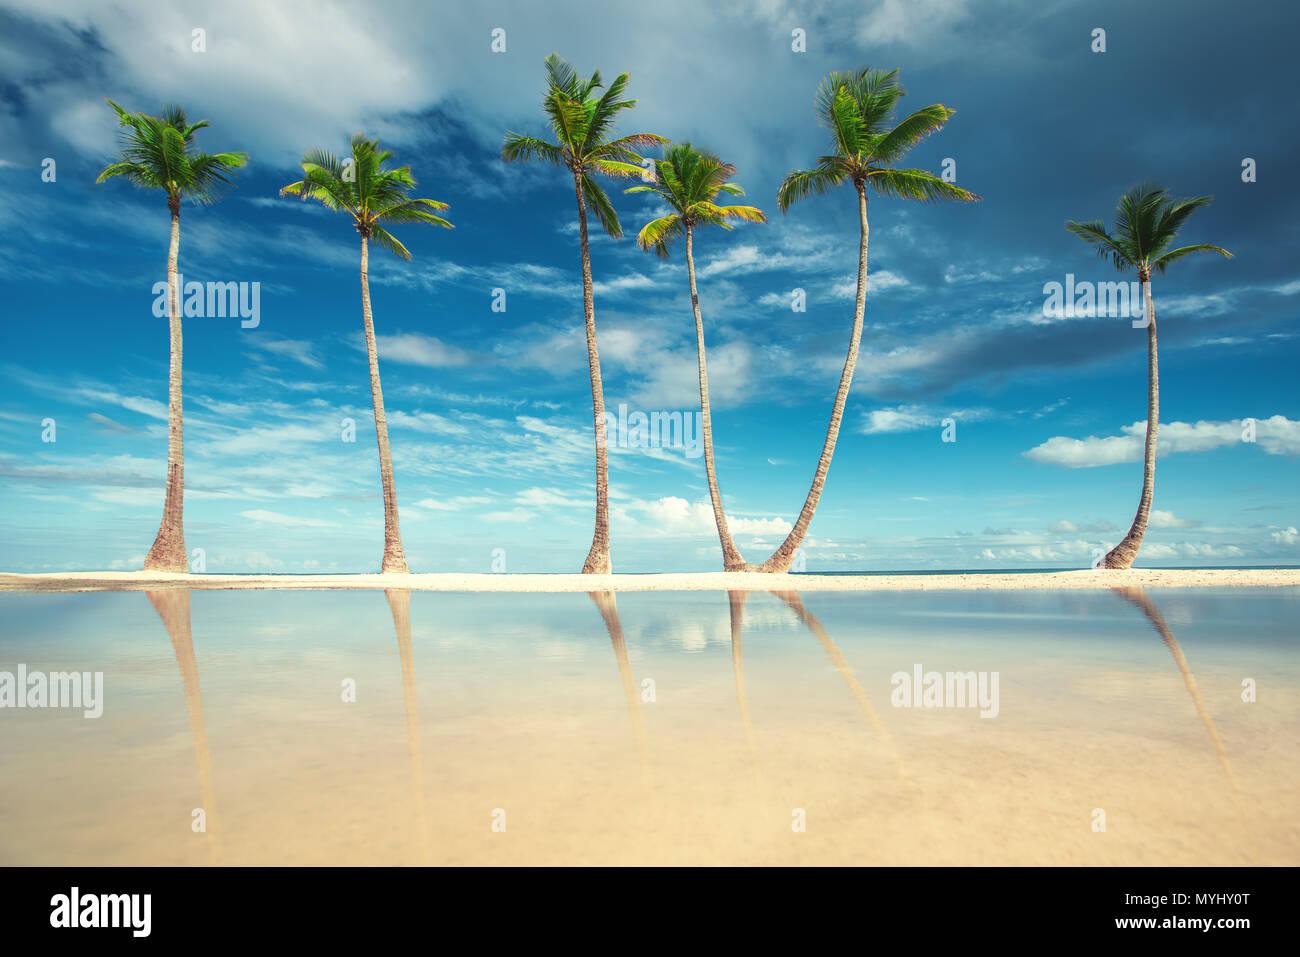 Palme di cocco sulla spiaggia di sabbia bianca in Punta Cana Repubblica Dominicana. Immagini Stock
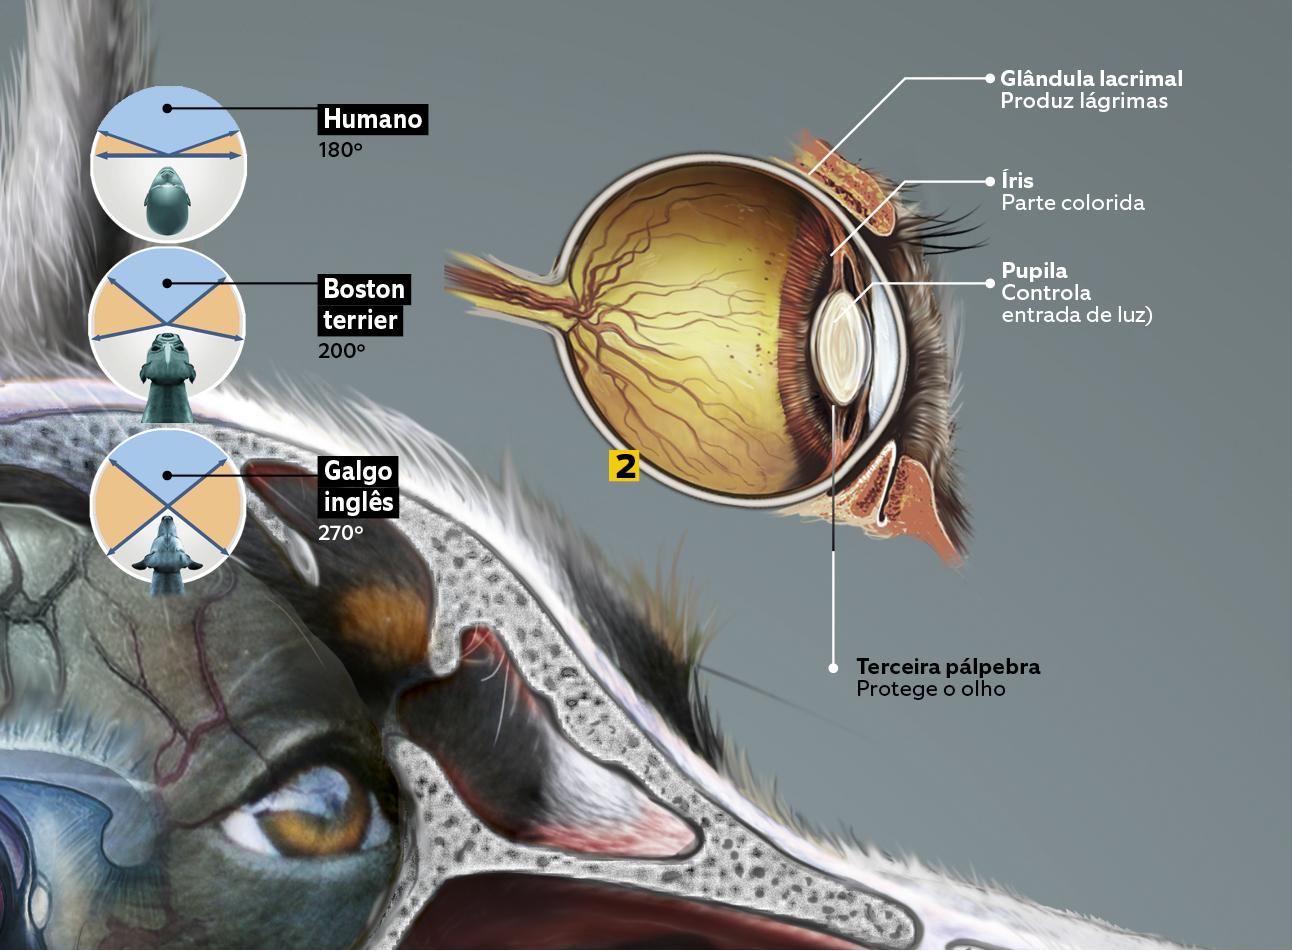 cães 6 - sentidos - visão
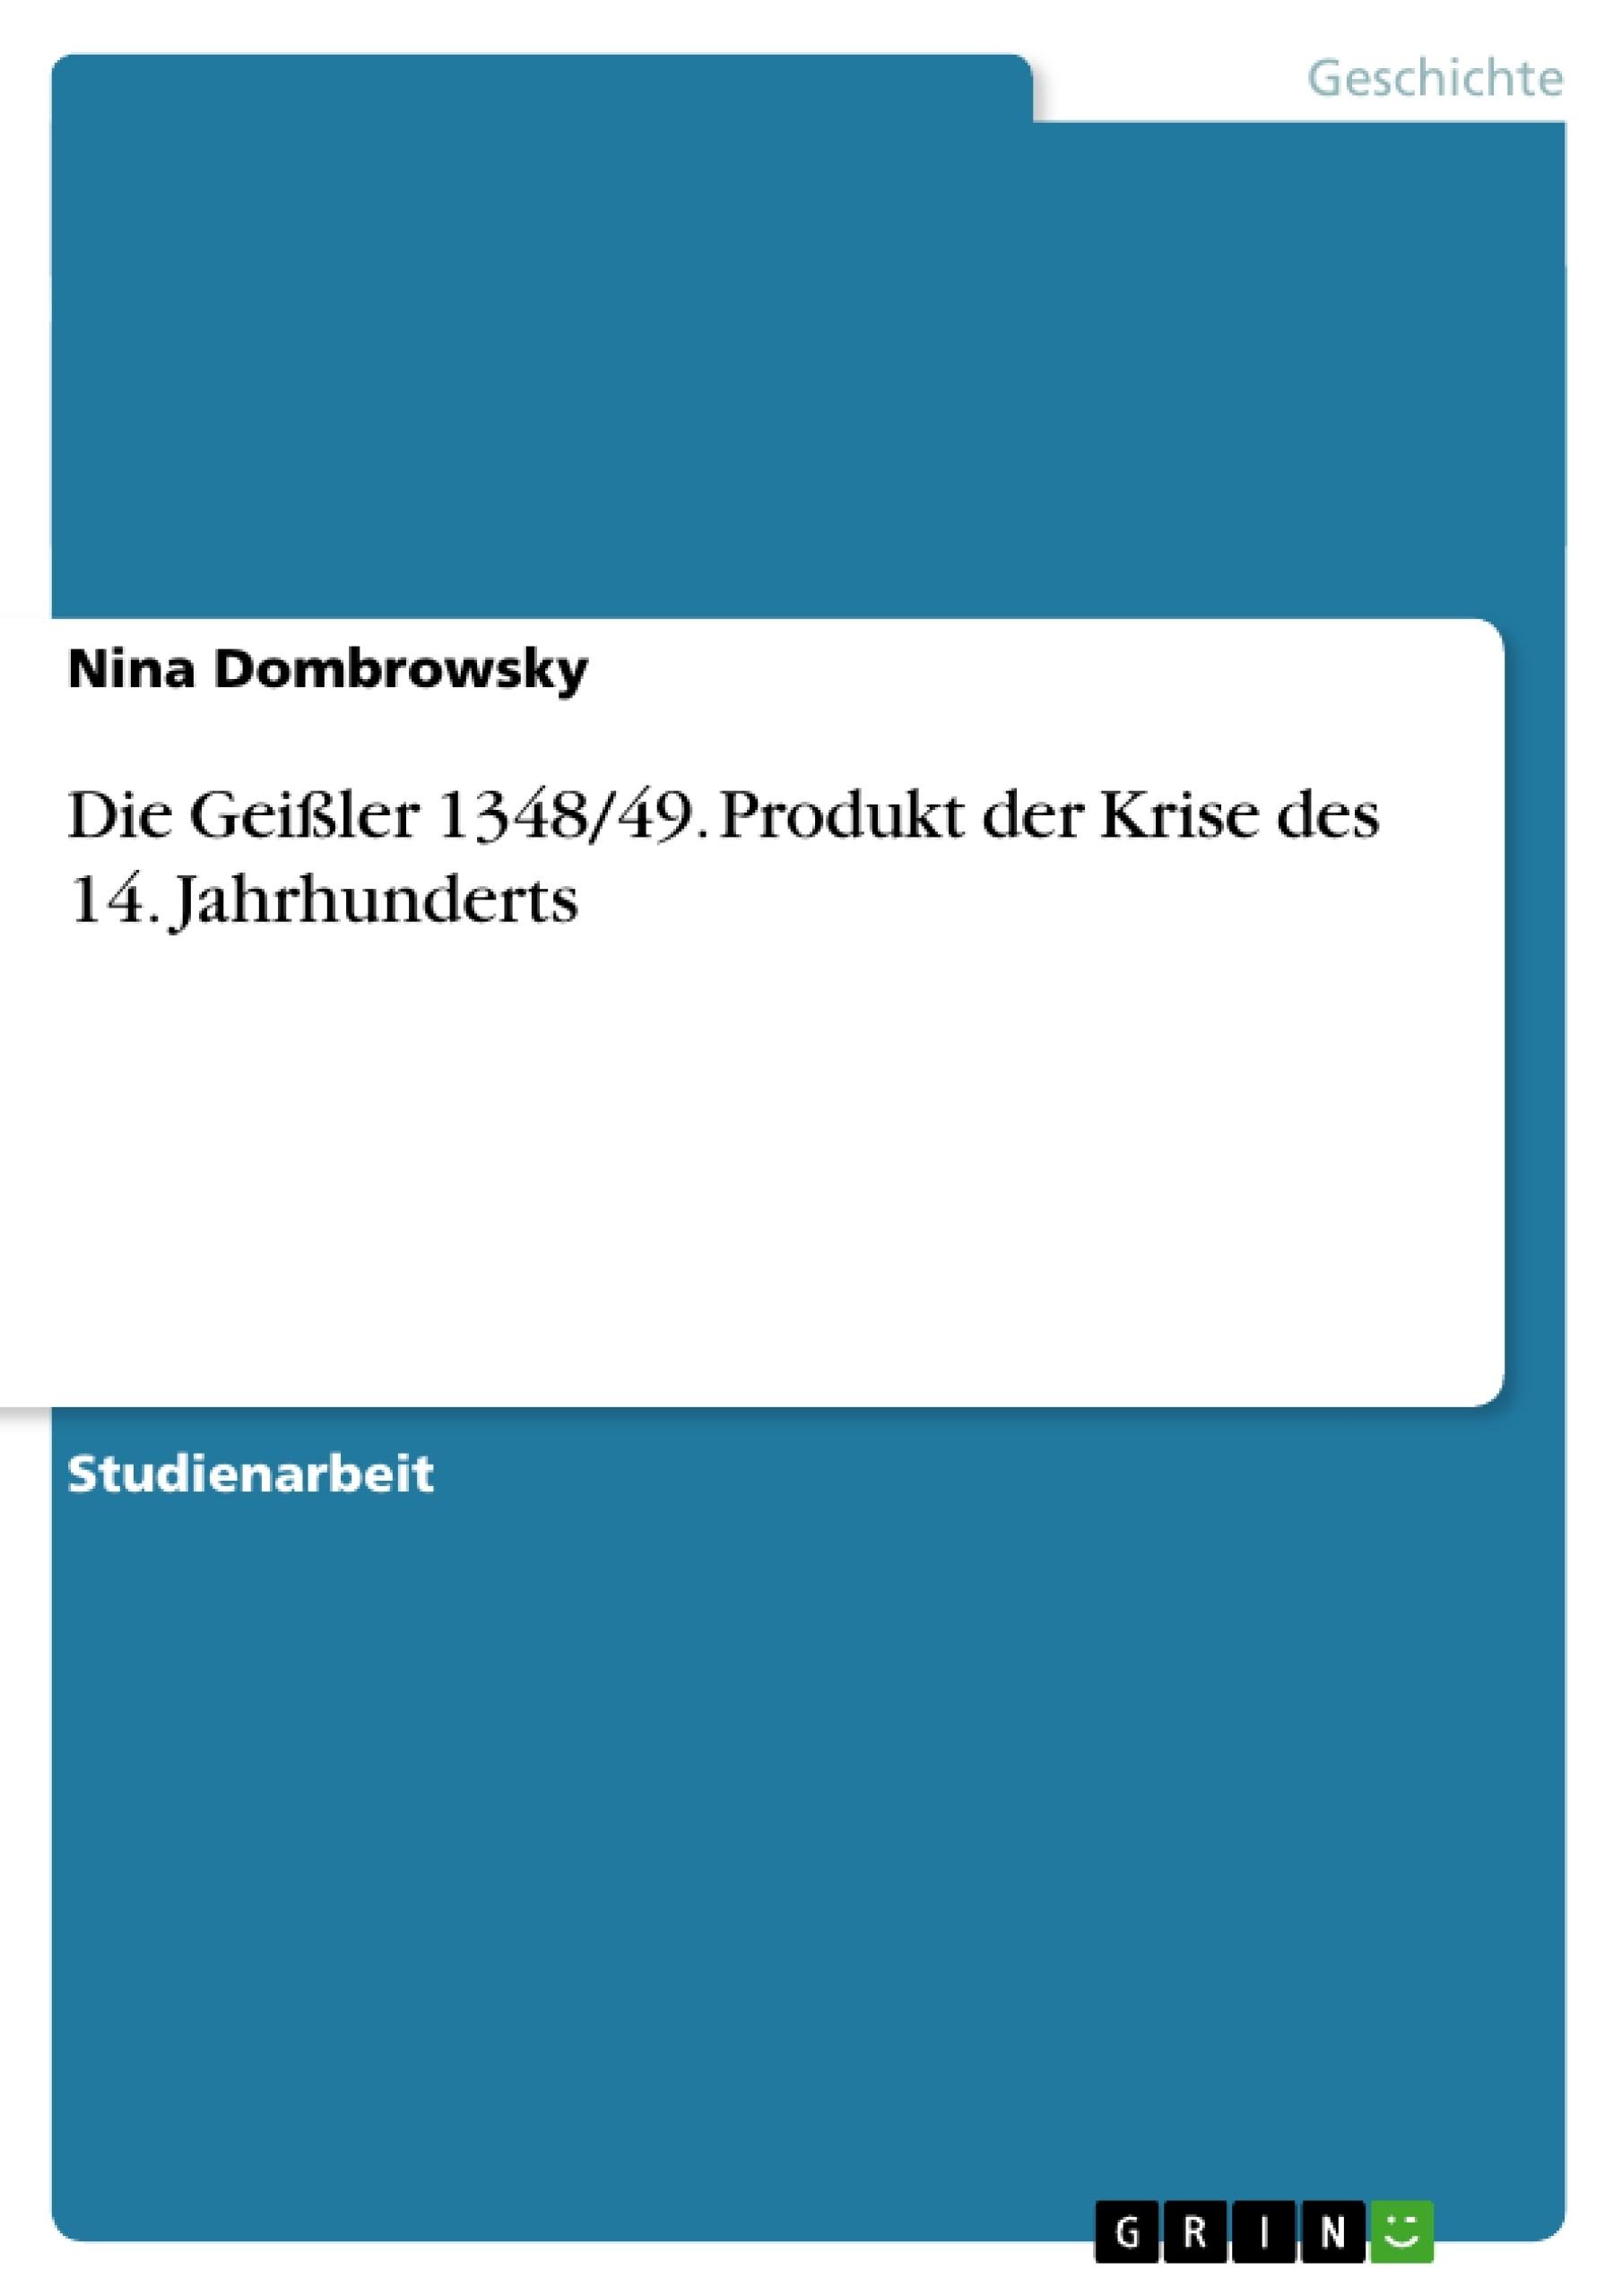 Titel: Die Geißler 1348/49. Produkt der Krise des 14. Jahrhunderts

++++++++++

Could you write out the whole listing exactly, skipping every picture?

 Palme di cocco sulla spiaggia di sabbia bianca in Punta Cana Repubblica Dominicana. Immagini Stock
 cães 6 - sentidos - visão
 Titel: Die Geißler 1348/49. Produkt der Krise des 14. Jahrhunderts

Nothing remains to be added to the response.